Weddings in Mongolia are one of the most influential days of a man and woman's life together. Weddings are celebrated among extended family and friends. In the past, Mongolians were often engaged as young, around 13 to 14 years old. The bride and grooms' families make the first contact and propose a future partnership. In some historical accounts, the young groom would live with in-laws, in order to observe how the young bride and groom would get along with each. If, at this stage, the interaction between the two doesn't go well, the engagement can be broken off. When the future family proves to be a successful one, then the wedding would take place at the age of 18. In modern day, it is not common for earlier engagement. Mongolians normally don't have arranged marriages anymore. Monogamy is the only legal form of marriage. Dating is common, sex prior to marriage can be practiced. In herders family, a woman gets married, normally she is expected to go and live with the grooms' family or vice versa. Many marriages in Mongolia are organic and can be between friends or coworkers.

== Reproduction rights ==
Terms changed in 1921 when women were considered more of a value in economic growth for the population. A revolution began that year with determinations to bring women more into the public sphere. This was the first step in the effort of the state to promote population growth; a strong emphasis on women’s reproductive capacities.Women were pressured into having multiple children as part of their civic duties to the state.

== Politics ==

=== History of Women's Political Affiliation ===
The political alignment in Mongolia for women is the belief that women are discriminated against because they are women.
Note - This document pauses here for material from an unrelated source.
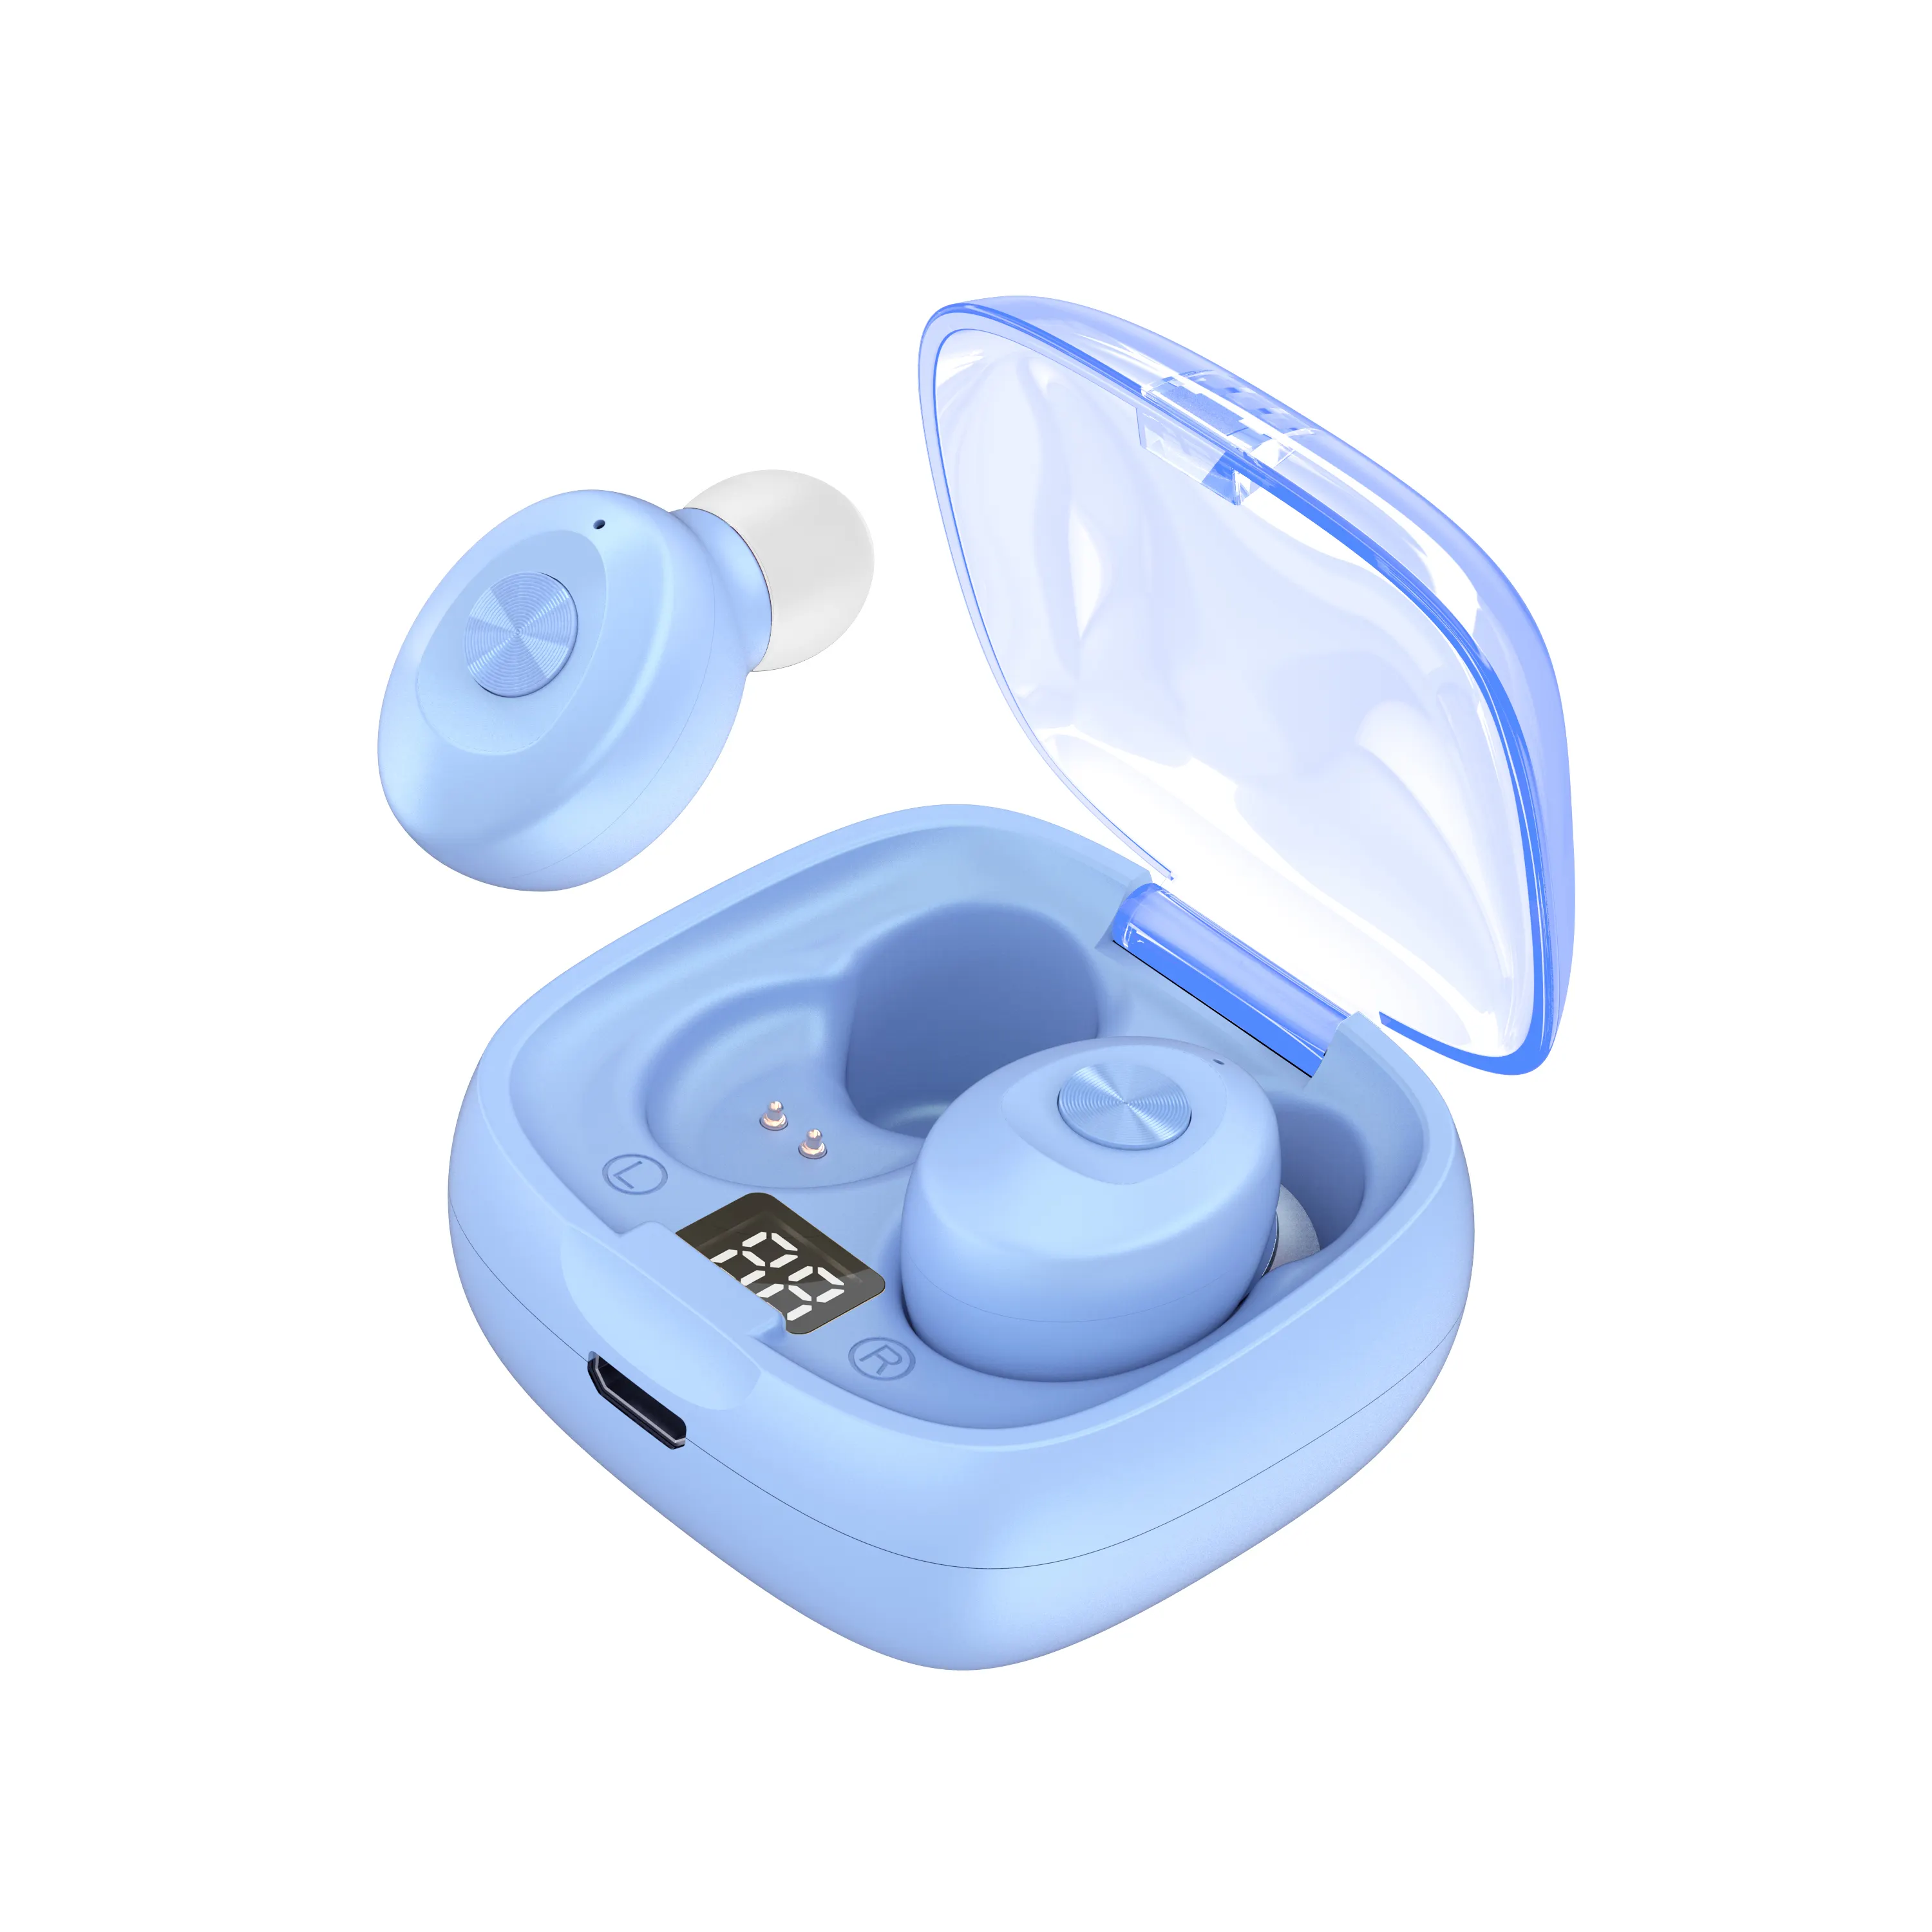 2021 Amazon top seller Noise Cancelling cuffie XG-8, Bluetooth 5.0 TWS auricolari auricolari con il mic

Women also believe that they have little legitimacy when discussing political affairs with men. In the most traditional sense, in nomadic society, women were not allowed to partake in the formal political sphere as their decisions were limited to the household. The subordination from a man to a woman in Mongolia came to an end in 1921. This granted women citizen rights. The new constitution also gave equal rights to all citizens of Mongolia without focus of origin, sex, gender, or beliefs. In 1924, Mongolian women were able to vote and potentially be elected as President. The Women's Federation was also founded which was funded by the state itself allowing more women to become more active participants in the political system. Despite women's active participation in politics, there are few women at the top. Although many actions were taken, there is still much to be said for women in the political system and desire for the equality they would eventually like to have and deserve.

==Sex trafficking==

Mongolian women and girls have been victims of sex trafficking in Mongolia. They have been raped and physically and psychologically harmed in brothels, homes, businesses, and other locations throughout the country, notably at the China–Mongolia border.